Полная версия
Украина. Небо
Анна знала: отец просто не выдержит. Не сможет смотреть на неё такую. И верно — пусть лучше не приезжает.
***
Сначала она думала, что научится жить заново. Без рук. Без ног. Без глаз.
Человек ведь может приспосабливаться к любому аду. Разумный, волевой человек.
Она ведь мыслит. И слышит. Значит — существует.
Слышит шаги. Много. Резиновые подошвы по линолеуму — медсестры. Тяжёлые, уверенные — врачи. Суетливые, быстрые — санитарки.
Голоса. Обрывки фраз. Писк мониторов — у каждого свой ритм. Капельница — кап-кап-кап, бесконечно, почти беззвучно, но она — слышит.
А ещё — чувствует запахи.
Медицинский спирт — резкий, въедливый, от него слезятся даже слепые глаза. Хлорка — ею моют полы по утрам, она въедается в лёгкие. Чей-то парфюм — дешёвый, сладкий, от него немного тошнит.

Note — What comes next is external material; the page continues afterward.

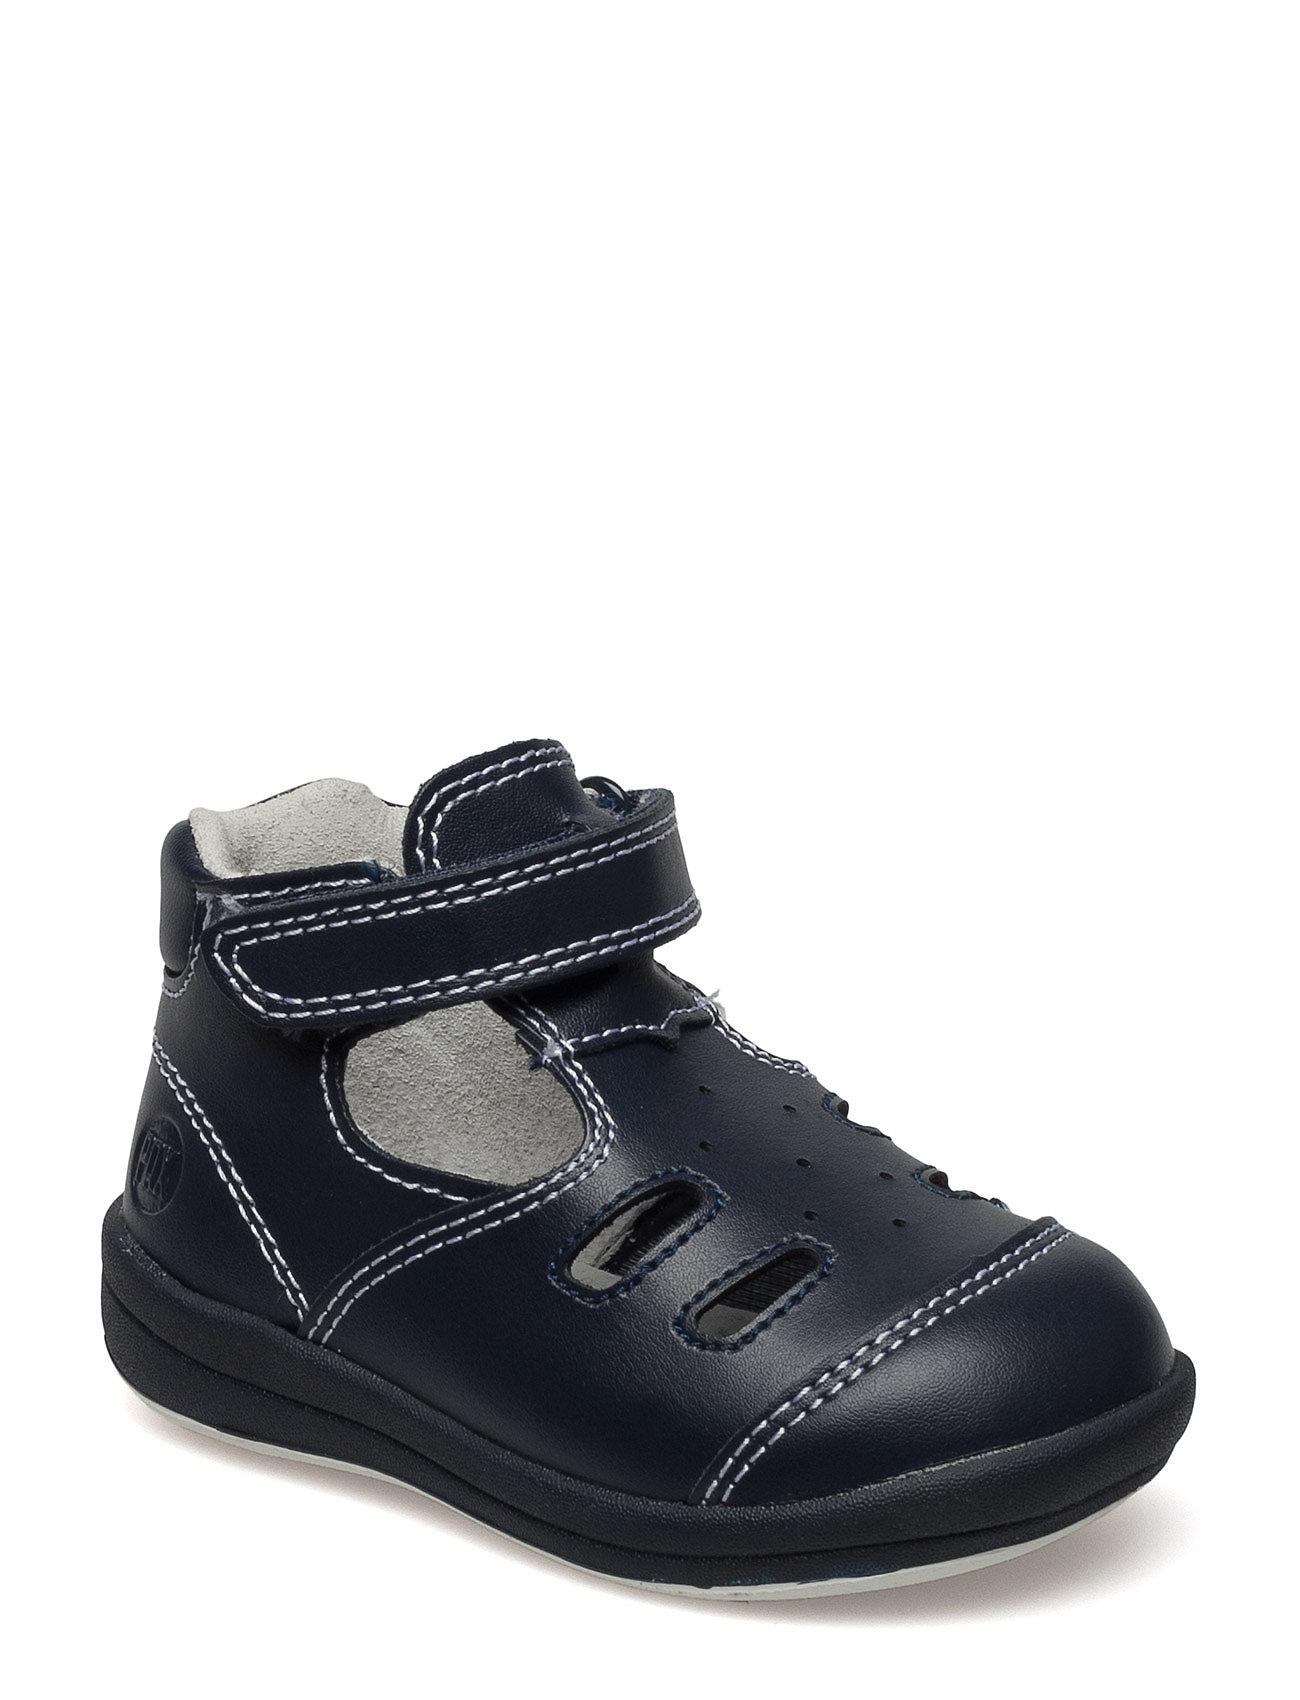 Grain PAX Sko & Sneakers til Børn i Navy blå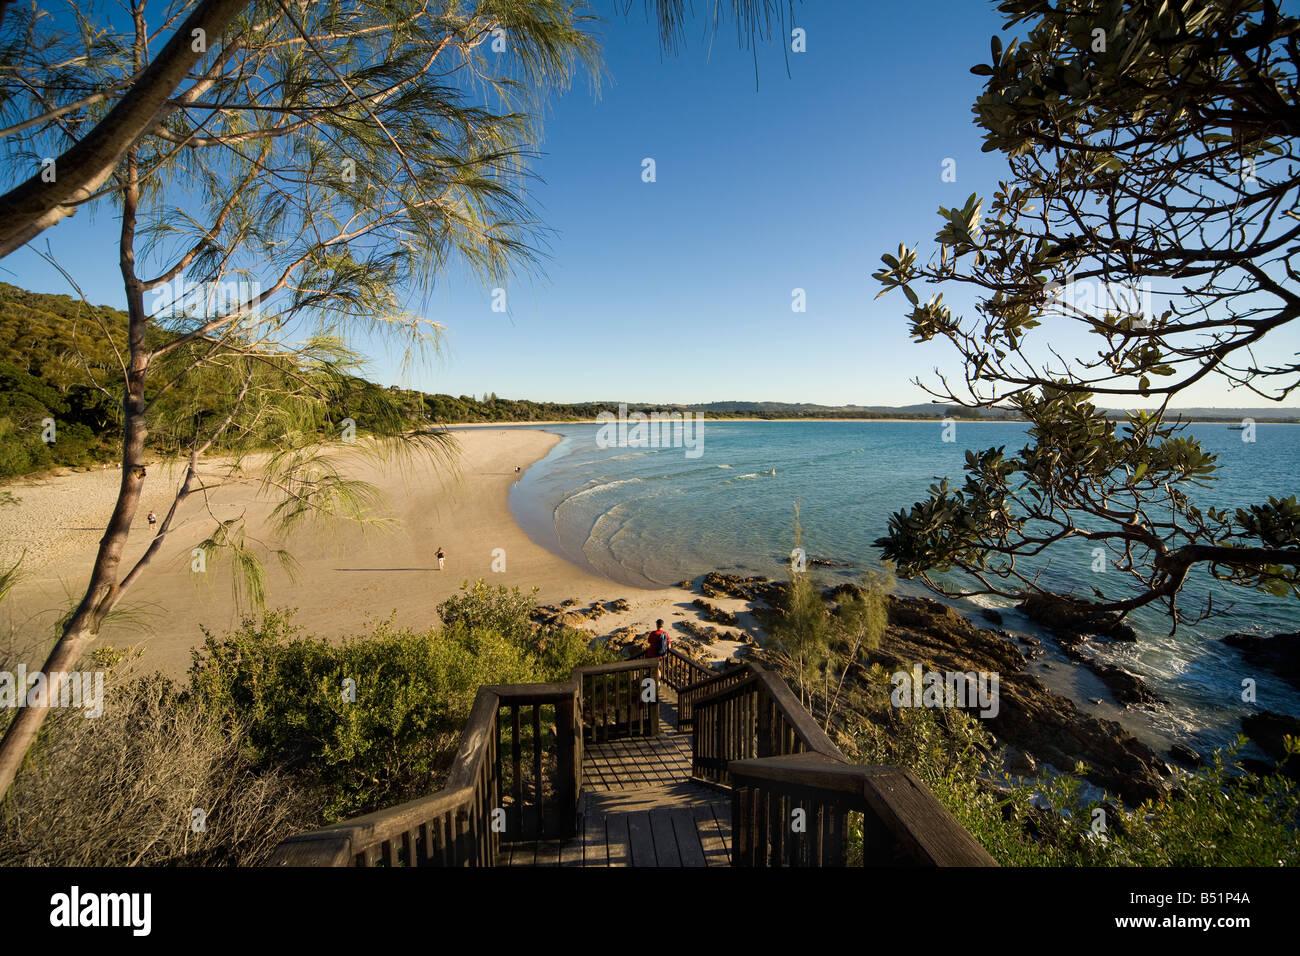 https://c7.alamy.com/comp/B51P4A/byron-bay-beach-view-from-the-pass-clarkes-beach-byron-bay-nsw-australia-B51P4A.jpg

Она чувствует вселенную кожей.
Душное одеяло — тяжёлое, колючее, давит на грудь. Простыня под щекой — грубый хлопок, накрахмаленная, жёсткая. Капельница в локтевом сгибе — она не чувствует руки, но чувствует точку входа, холодное, чужеродное, противное.
Она не чувствует тела.
Там, где должны быть руки, ноги, грудь, живот, — пустота. Абсолютная, вакуумная пустота. Иногда ей кажется, что она парит над кроватью, лёгкая, как пушинка. Иногда — что её затягивает в чёрную дыру, медленно, неумолимо и безысходно.
Она не знает, где проходит граница её тела. Она знает только, что голова — это она. А всё остальное — чужое, мёртвое, не её.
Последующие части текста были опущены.